In other words, the appellate court told the judge to sharpen some pencils, not to drop the argument. Before imposing an injunction on the basis of a facial argument, the court needs to provide a clear indication of just how many or few women would really be denied an opportunity for abortion. That would allow appellate courts to judge accordingly.
Two issues make this curious, however. First, the Supreme Court has already ruled on the issue of requiring abortionists to have admitting privileges in local hospitals. In 2016’s Whole Woman’s Health v. Hellerstadt, it ruled 5-3 to overturn a Texas law that required admitting privileges as well as demanding that abortion clinic meet the same standards as other outpatient surgical centers. That decision did rely on “undue burden,” but didn’t necessarily have much better mathematical justification as this case does.

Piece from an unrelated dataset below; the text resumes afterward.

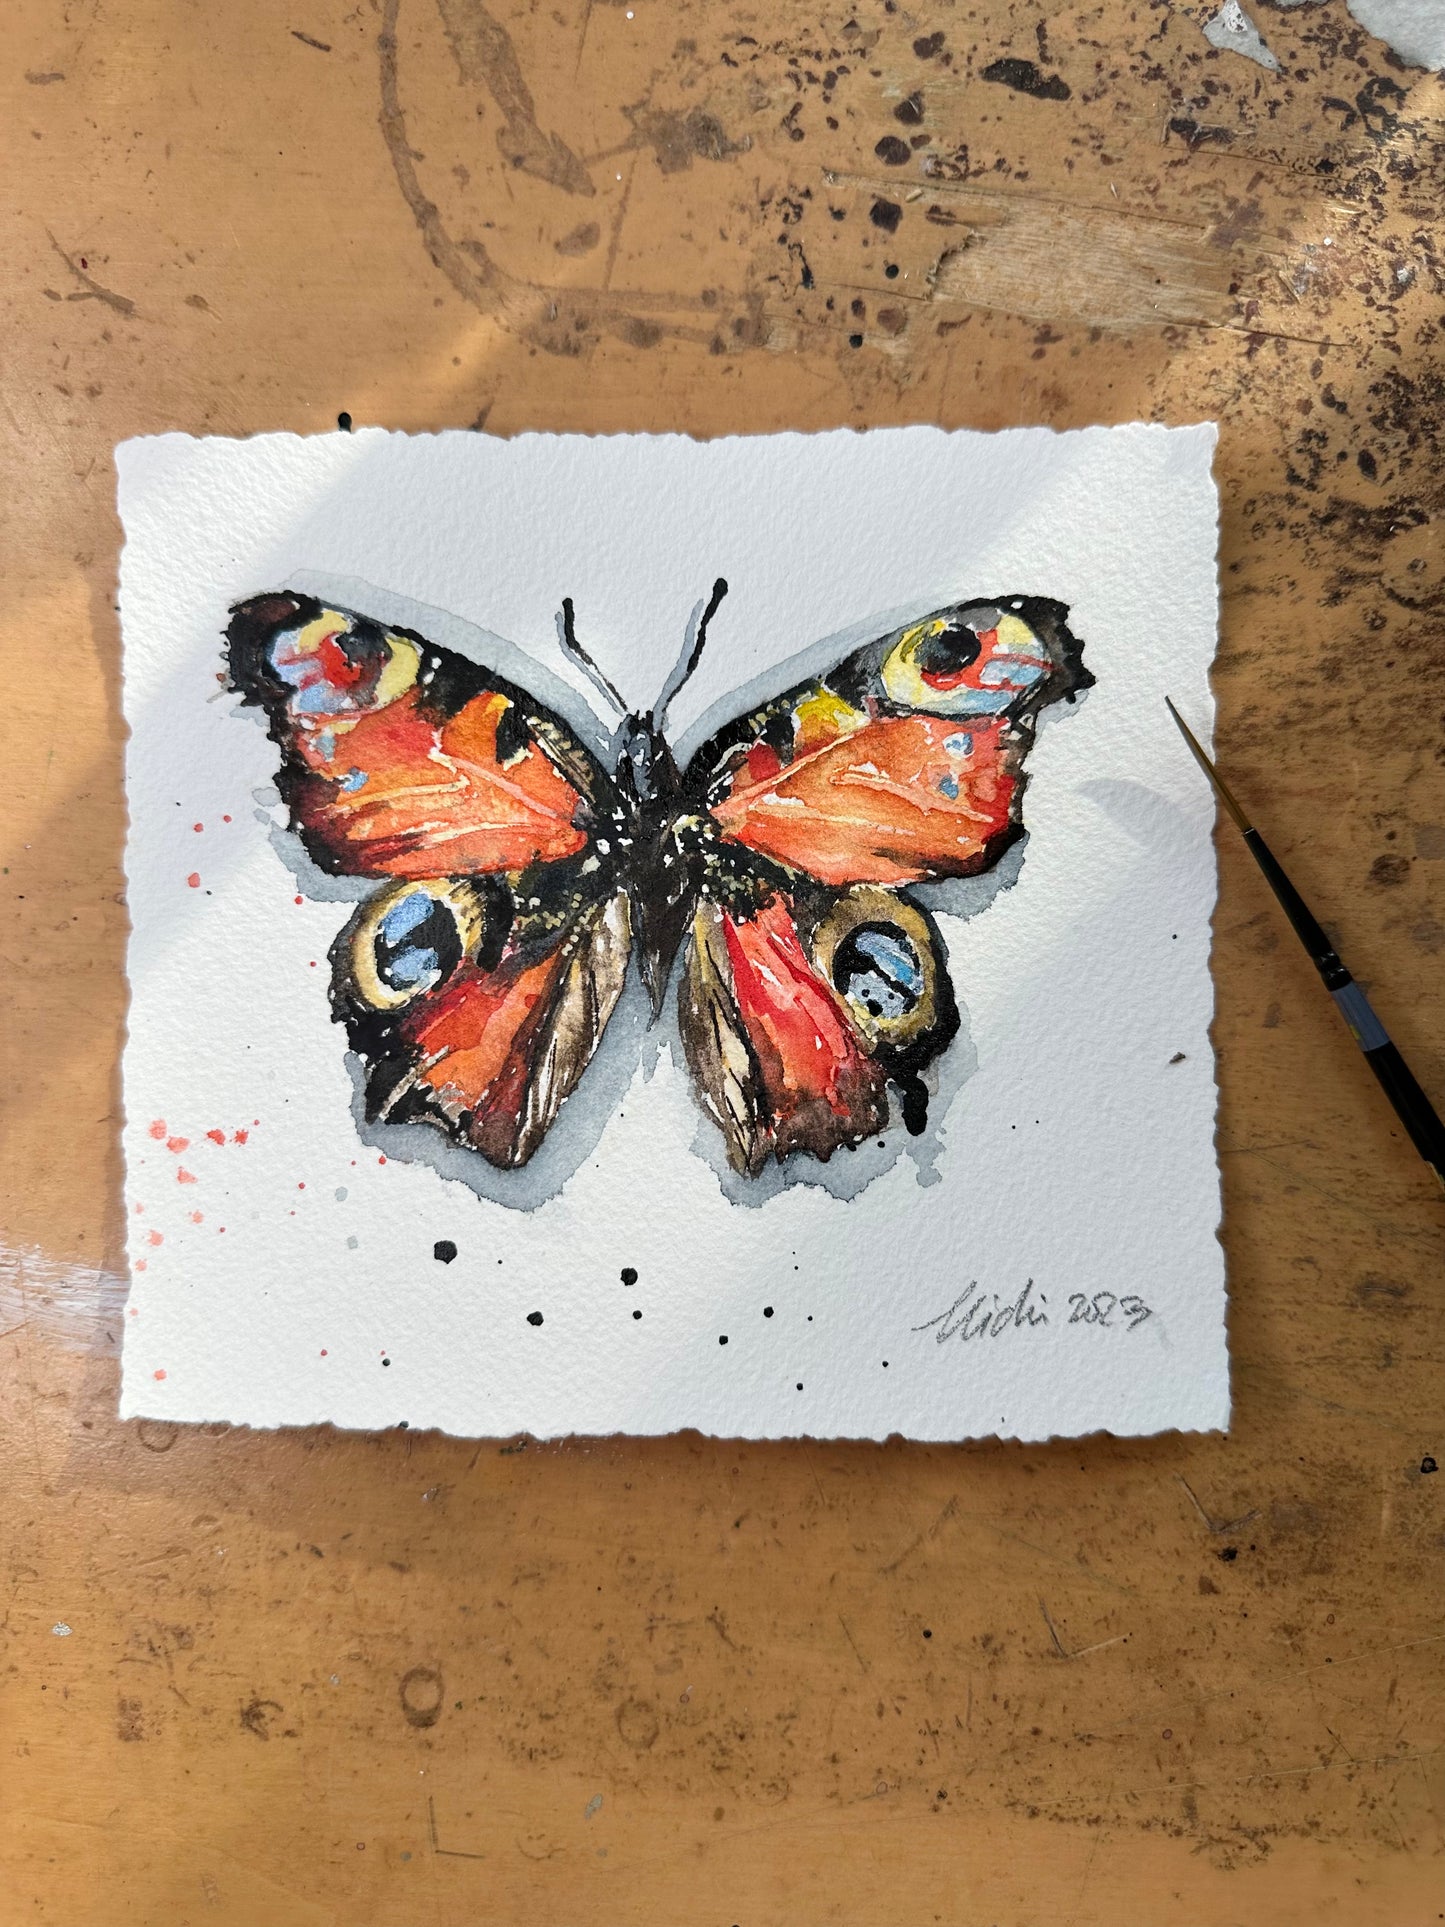 Aglais io / The Peacock Butterfly

The precedent existed for the court to leave the injunction in place at least temporarily, which brings us to the second curiosity. It only takes four justices to grant cert, which means that the case didn’t interest all four of the liberal justices on the court. And that seems mighty curious, given that the decision not to take the case means Arkansas can now start enforcing this law.

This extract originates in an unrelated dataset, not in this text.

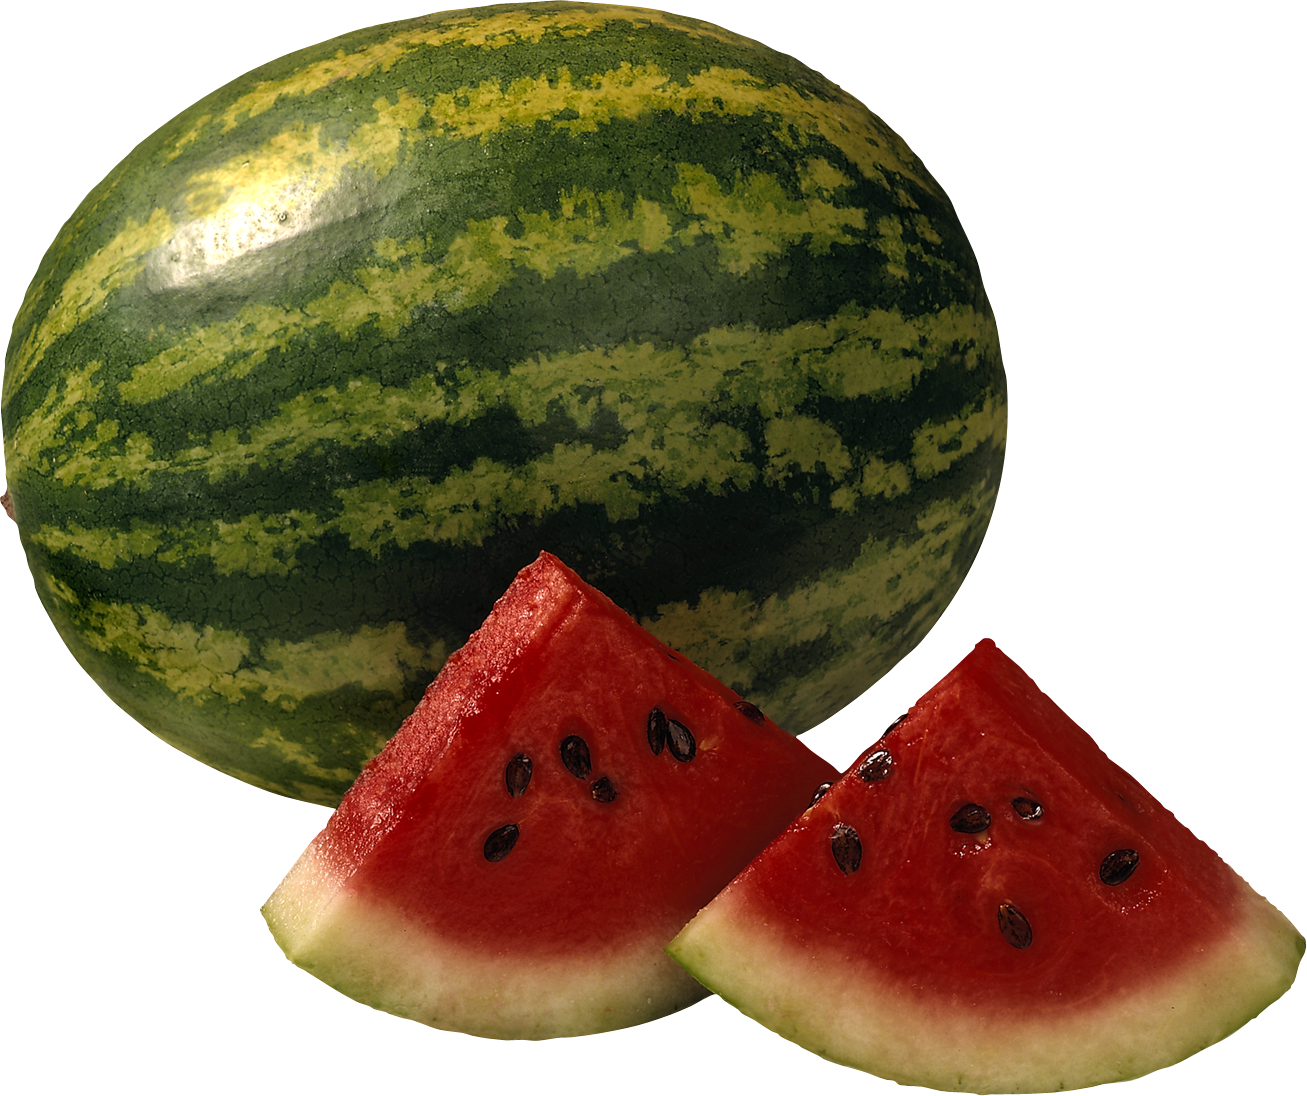 Musk-melon [मस्क म

Depending on the findings of the lawsuit, could the Supreme Court be rethinking Whole Woman’s Health? It seems doubtful, but anything’s possible. The likeliest outcome will be that the district court will force Planned Parenthood to provide a more substantial undue-burden argument in order to reimpose an injunction, which will then make its way up the appellate chain again. However, don’t forget that Anthony Kennedy turned out to be the swing vote on Whole Woman’s Health, and he might retire before this case makes it all the way back to the Supreme Court. The issue might get a very different result if it returns to a court where Donald Trump has made a second appointment to the top court.